Ancaman Teror yang Tak Kunjung Padam
Kejadian ini menjadi bukti bahwa ancaman teror di Iran masih nyata dan terus menjadi tantangan serius bagi pemerintah. Kelompok-kelompok teroris yang didukung oleh negara lain, seperti Israel, terus berusaha untuk menciptakan ketidakstabilan dan kekerasan di Iran.

Israel, yang memiliki sejarah konflik panjang dengan Iran, diduga mendukung kelompok-kelompok teroris yang beroperasi di wilayah perbatasan Iran. Motif di balik dukungan ini diduga untuk melemahkan Iran dan menghambat program nuklirnya.
Iran sendiri telah berulang kali menyatakan bahwa mereka tidak akan segan-segan untuk mengambil tindakan tegas terhadap setiap kelompok teroris yang mengancam keamanan nasionalnya. Pemerintah Iran juga terus berupaya untuk meningkatkan kerja sama dengan negara-negara tetangga untuk melawan terorisme.
Peran Kurdistan Irak dalam Konflik
Kurdistan Irak, yang terletak di perbatasan Iran, telah menjadi wilayah yang rawan konflik. Kelompok-kelompok teroris dan separatis memanfaatkan wilayah ini sebagai basis operasi mereka.

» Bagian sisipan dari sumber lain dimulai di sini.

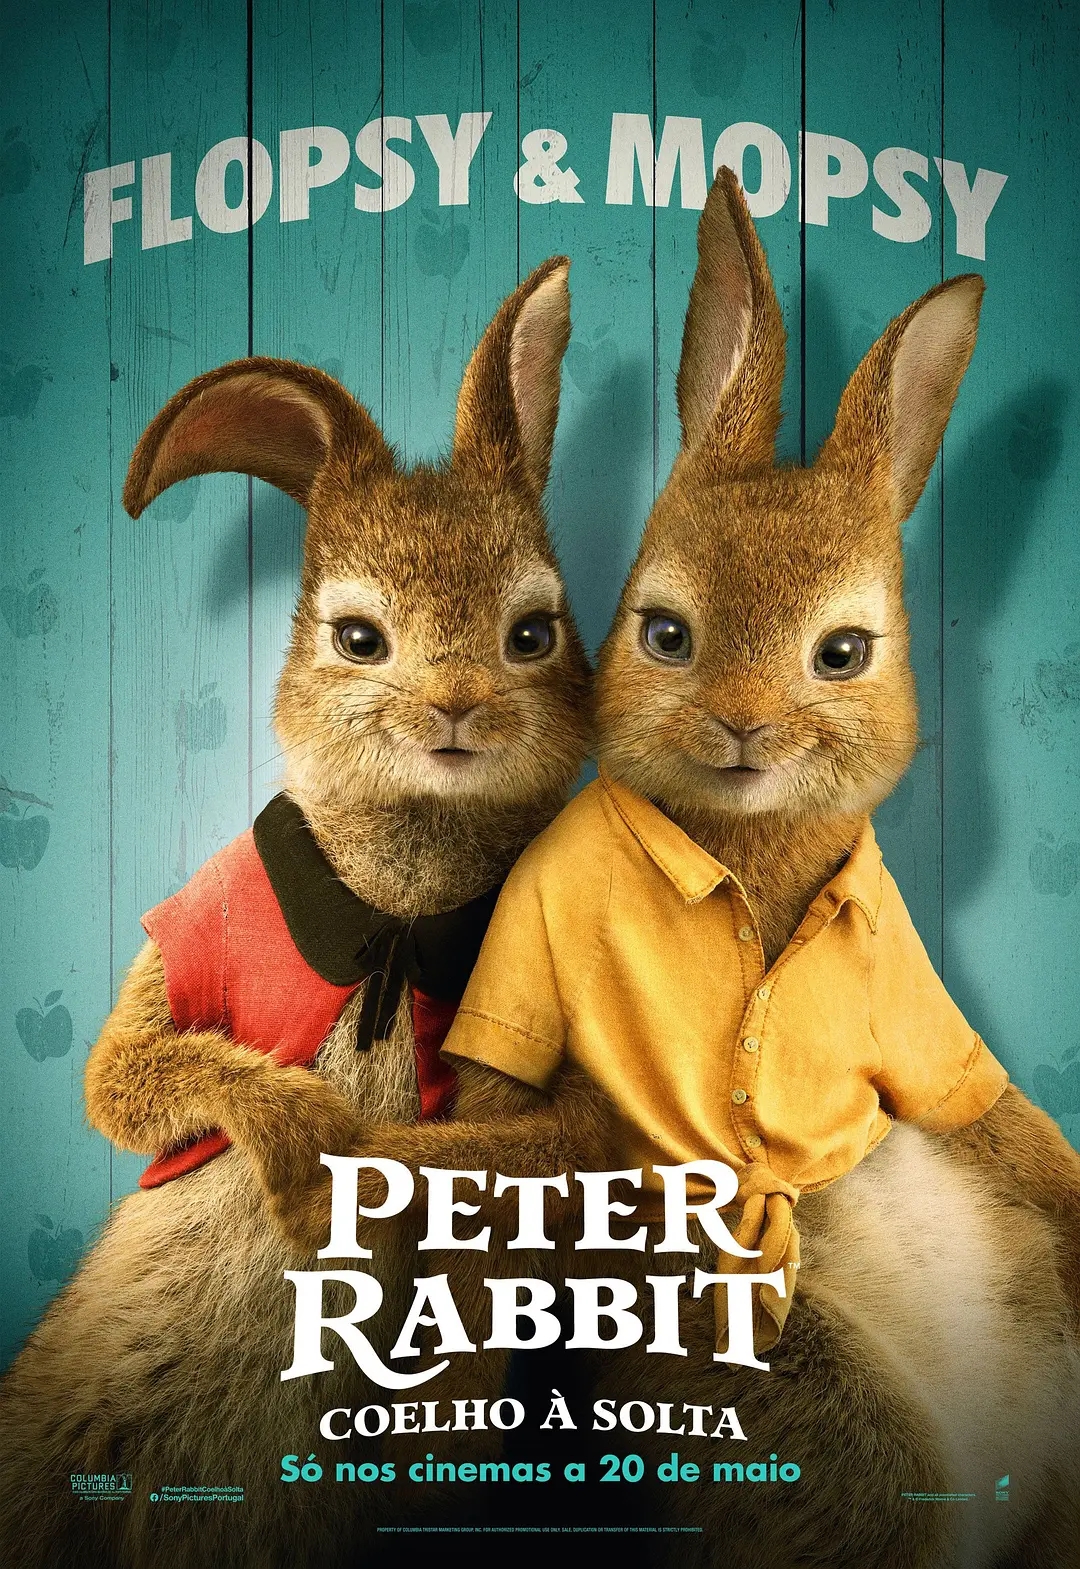 电影《比得兔2：逃跑计划》海报图片

Iran menuduh pemerintah Kurdistan Irak tidak melakukan cukup upaya untuk mencegah kelompok-kelompok teroris beroperasi di wilayahnya. Mereka juga menuding Kurdistan Irak memberikan dukungan logistik dan finansial kepada kelompok-kelompok teroris tersebut.
Peran Kurdistan Irak dalam konflik ini menjadi kompleks dan rumit. Di satu sisi, pemerintah Kurdistan Irak berusaha untuk menjaga stabilitas dan keamanan wilayahnya. Di sisi lain, mereka juga menghadapi tekanan dari kelompok-kelompok teroris dan separatis yang beroperasi di wilayah tersebut.
Tantangan bagi Iran
Upaya penyusupan kelompok teroris yang didukung Israel ini merupakan salah satu dari sekian banyak tantangan yang dihadapi Iran. Selain ancaman teror, Iran juga menghadapi tekanan ekonomi dan politik dari negara-negara Barat.
Iran terus berupaya untuk mengatasi berbagai tantangan yang dihadapinya. Mereka berupaya untuk memperkuat keamanan nasional, membangun ekonomi yang kuat, dan meningkatkan hubungan diplomatik dengan negara-negara lain.